# CellAssign
**CellAssign** [^ref1] (Python class {class}`~scvi.external.CellAssign`) is a simple yet, efficient
approach for annotating scRNA-seq data in the scenario in which cell-type-specific
gene markers are known. The method also allows users to control for nuisance covariates
like batch or donor.
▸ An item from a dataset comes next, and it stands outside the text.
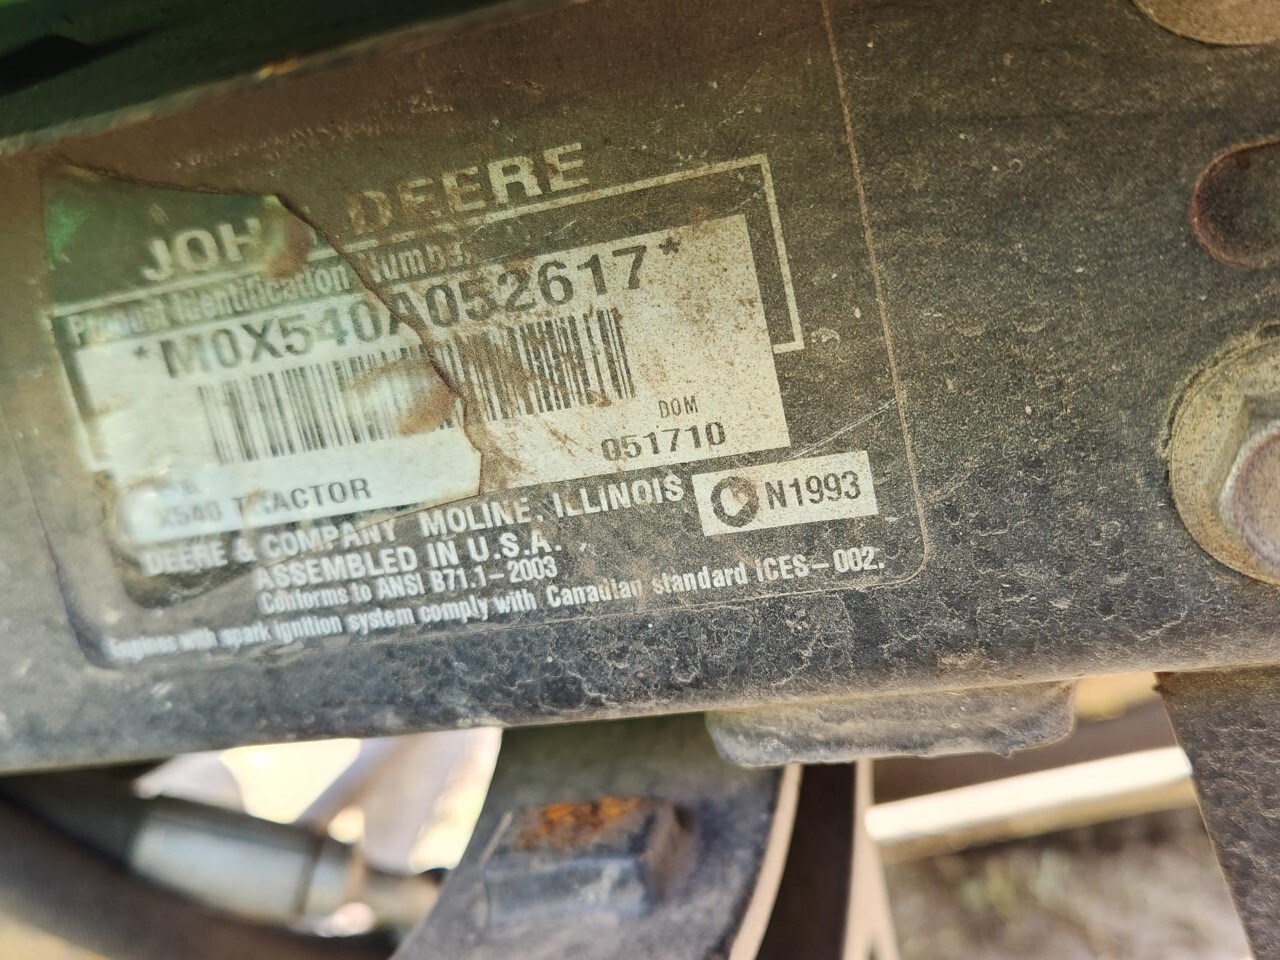 2010 John Deere X540 Lawn Mower For Sale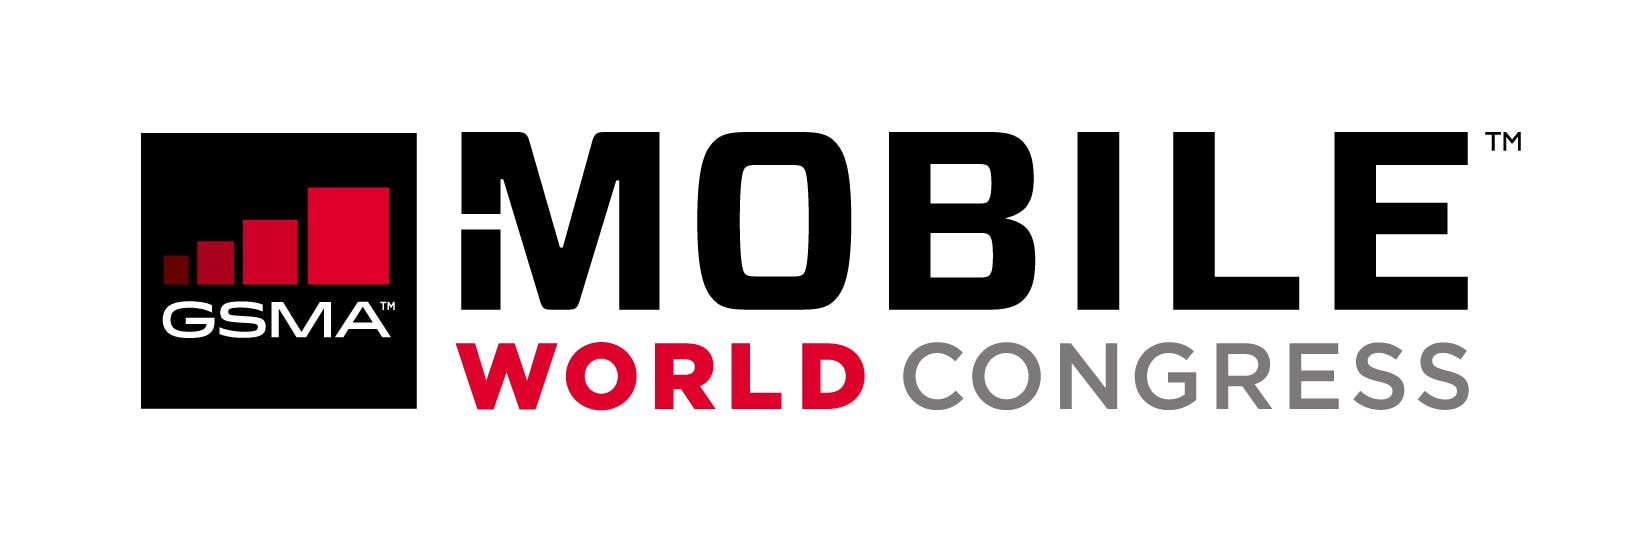 Mobile World Congress 2017 - Mobile World Congress 2017

The scvi-tools implementation of CellAssign uses stochastic inference,
such that CellAssign will scale to very large datasets.
The advantages of CellAssign are:
- Lightweight model that can be fit quickly.
- Ability to control for nuisance factors.
The limitations of CellAssign include:
- Requirement for a cell types by gene markers binary matrix.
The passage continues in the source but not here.